For more pictures and more review, (since I've been using this guy's pics already anyway) this guy, over at a foodie messageboard went at a time when they were serving many of the same dishes I enjoyed, and took a bunch of pictures. alinea's website also has a gallery of some of their work and the interior of the restaurant.

The service was amazing, our waiter was only working with one table in the room we were sitting in, and was assisted by 2 guys who carried plates in to the room, a guy who made sure you always have the right utensils, the sommelier- who was absolutely amazing and came to introduce each new glass of wine we were given and ask about our impressions of previous glasses, and appeared to be able to do this with every table in the restaurant, as well as a couple of other miscellanious helpers.
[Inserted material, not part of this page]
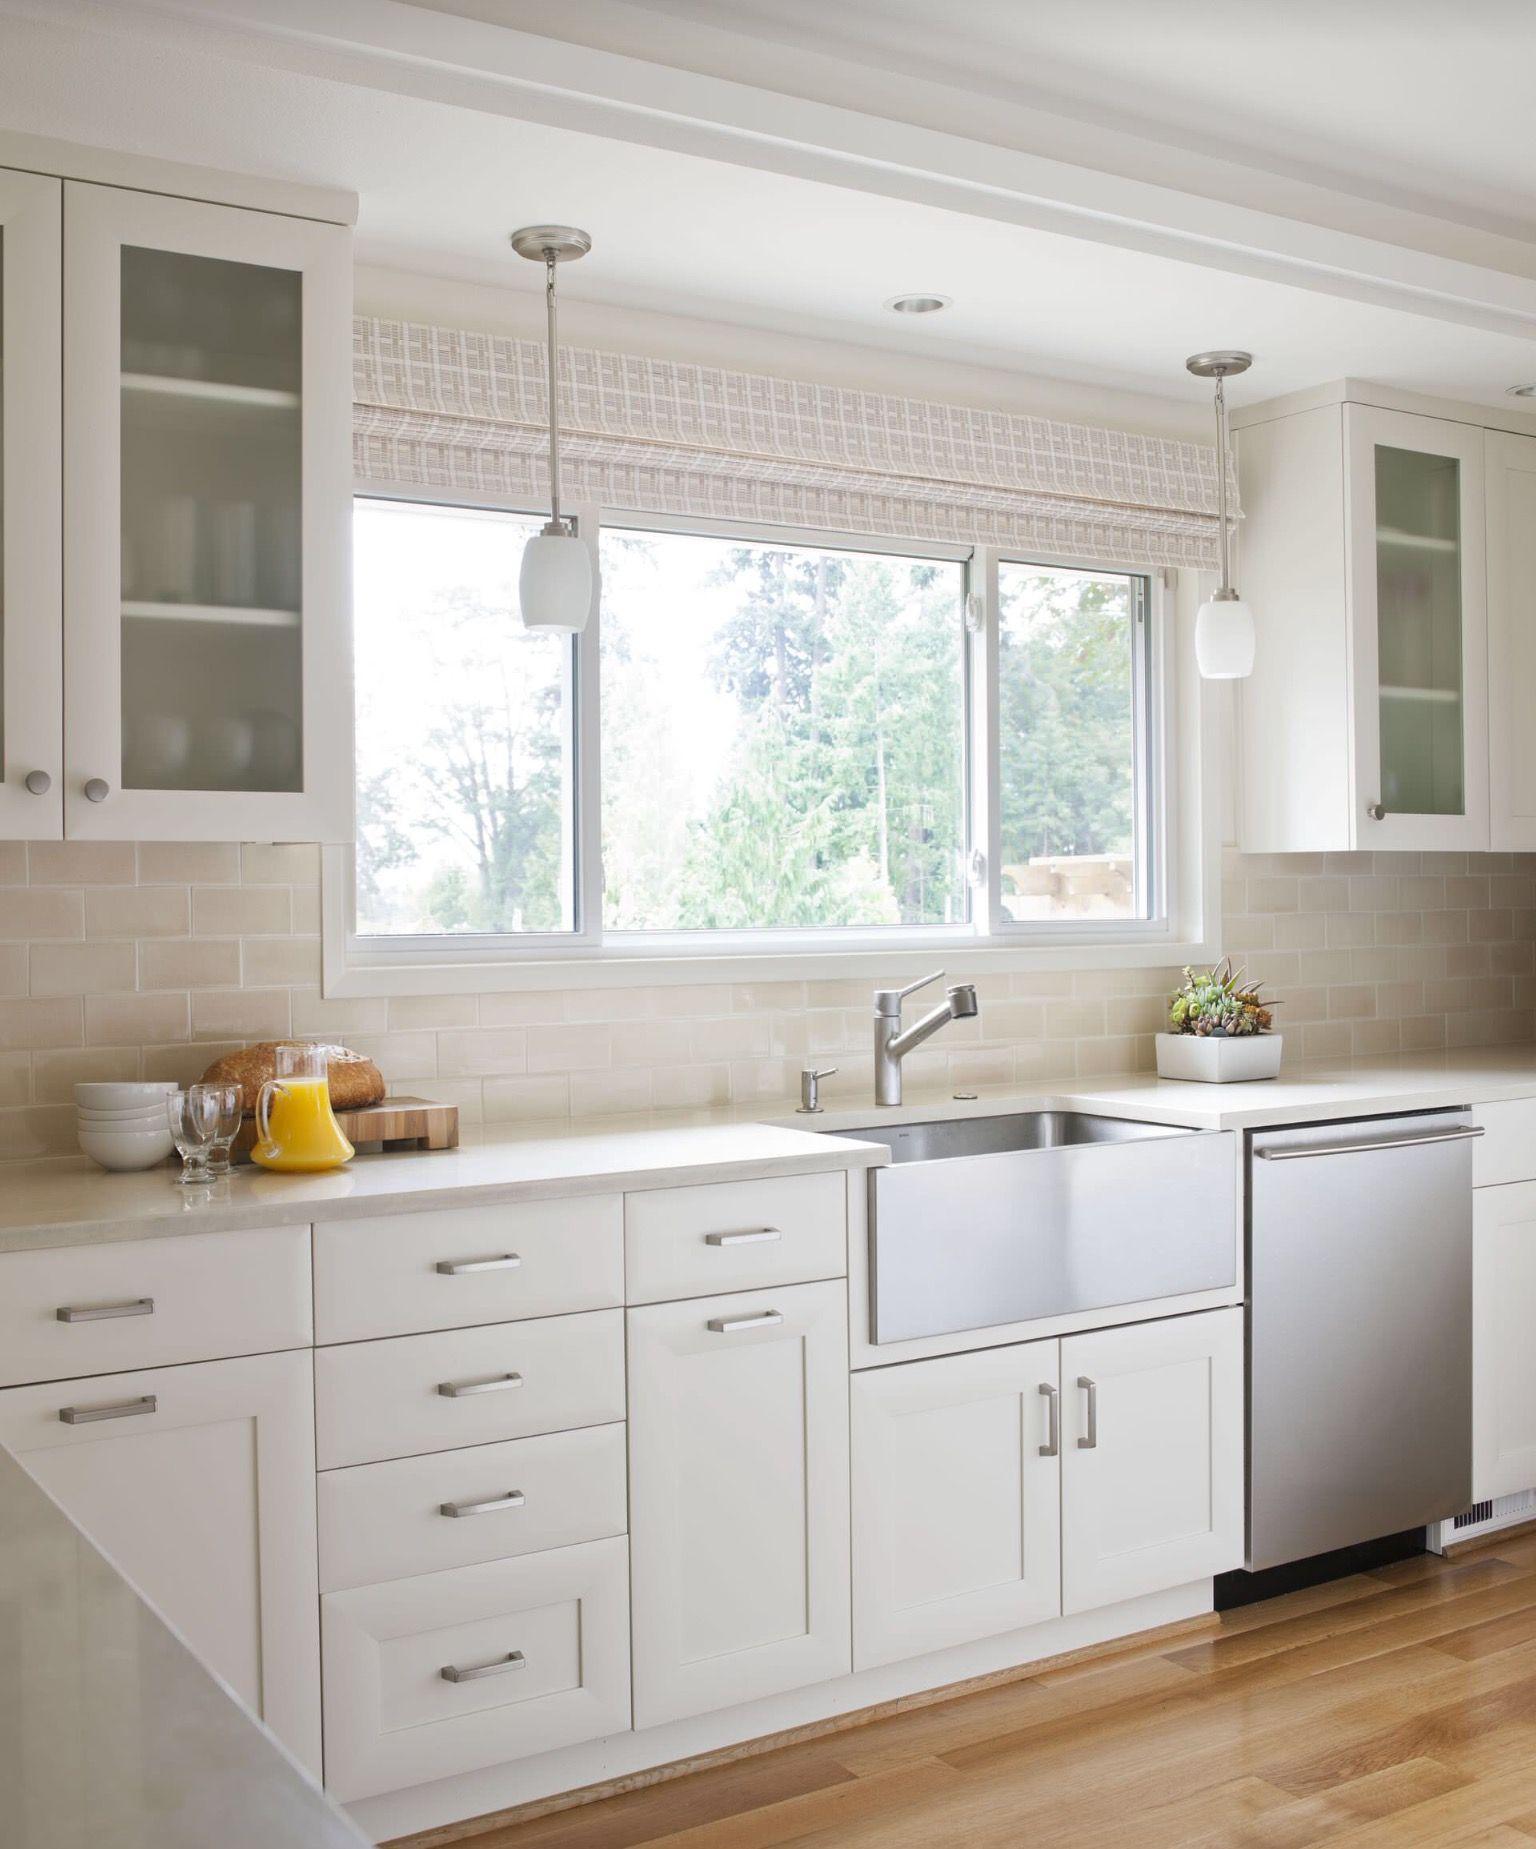 Pin by becky thompson on kitchenhouse ideas pinterest kitchens

They were never intrusive, always there when we wanted them, and obviously did the little things like having your coat ready when you wanted it, having a cab ready when you step out the door, etc.

The restaurant's decor was brilliant, and the only regret I had the whole evening is that even though there was plenty of space between tables, we could hear the couple at the next table: "Oh no, I don't eat eggplant, asparagus, beef, fish, granola, yogurt, green vegetables, meats, etc, so just make me an entirely different menu." Yeah, that guy got his money's worth with his trophy wife...

Total tab for 2 was somewhere between $1100 and $1200. Dinner can be done far, far less expensively though.